» What the task asks: Exactly and only the lines below from the one containing "felice anno nuovo" down to the one containing "Eleanor Vere Boyle" are wanted, both included; please exclude every picture.

» Working data:

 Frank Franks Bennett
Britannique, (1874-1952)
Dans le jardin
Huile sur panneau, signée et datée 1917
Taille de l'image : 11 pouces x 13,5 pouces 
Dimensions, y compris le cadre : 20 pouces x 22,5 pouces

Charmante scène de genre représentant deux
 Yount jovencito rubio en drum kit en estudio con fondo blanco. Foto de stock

* * *

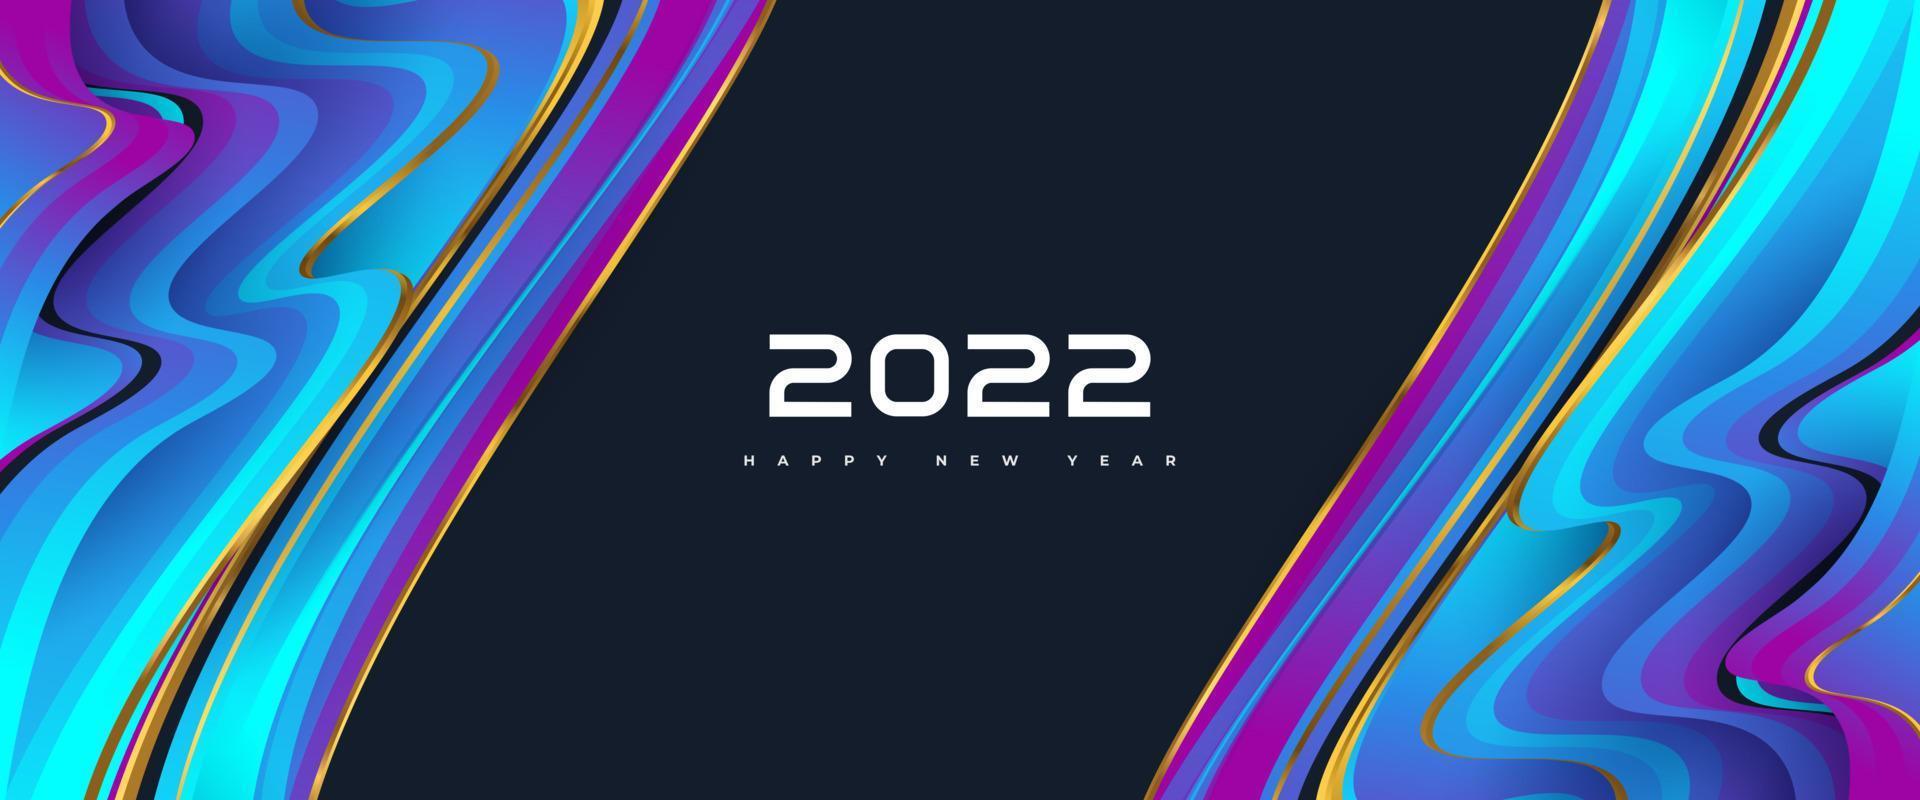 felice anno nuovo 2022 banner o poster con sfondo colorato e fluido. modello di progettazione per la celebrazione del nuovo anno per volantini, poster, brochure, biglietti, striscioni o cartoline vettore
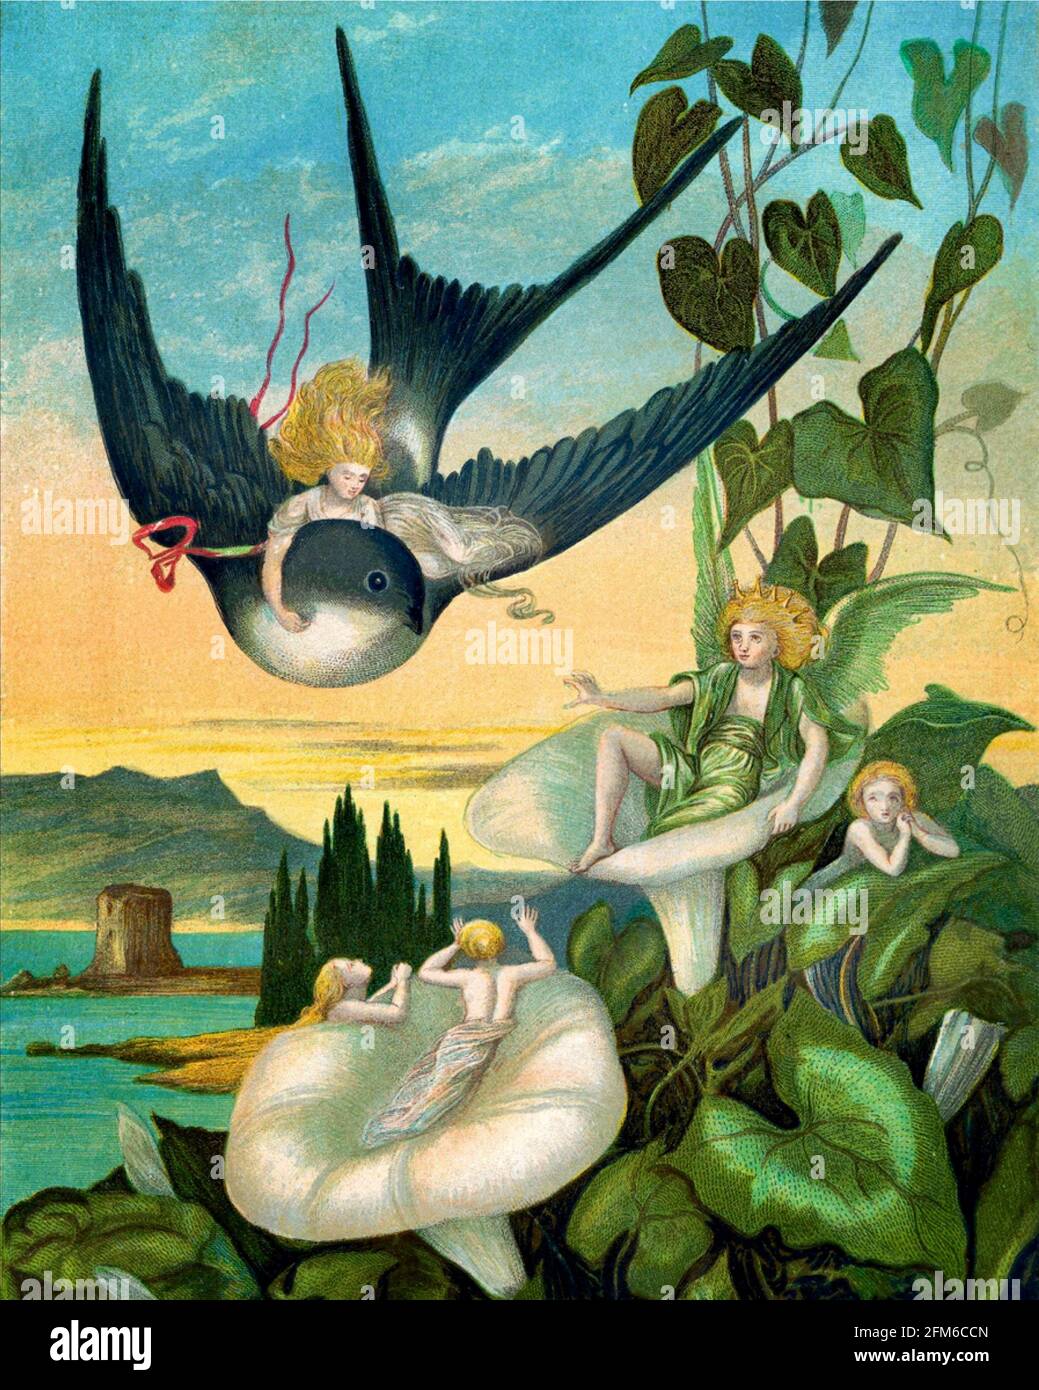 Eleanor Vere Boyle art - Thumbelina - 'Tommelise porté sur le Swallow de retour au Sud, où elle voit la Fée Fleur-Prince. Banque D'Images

» Task result:
 felice anno nuovo 2022 banner o poster con sfondo colorato e fluido. modello di progettazione per la celebrazione del nuovo anno per volantini, poster, brochure, biglietti, striscioni o cartoline vettore
 Eleanor Vere Boyle art - Thumbelina - 'Tommelise porté sur le Swallow de retour au Sud, où elle voit la Fée Fleur-Prince. Banque D'Images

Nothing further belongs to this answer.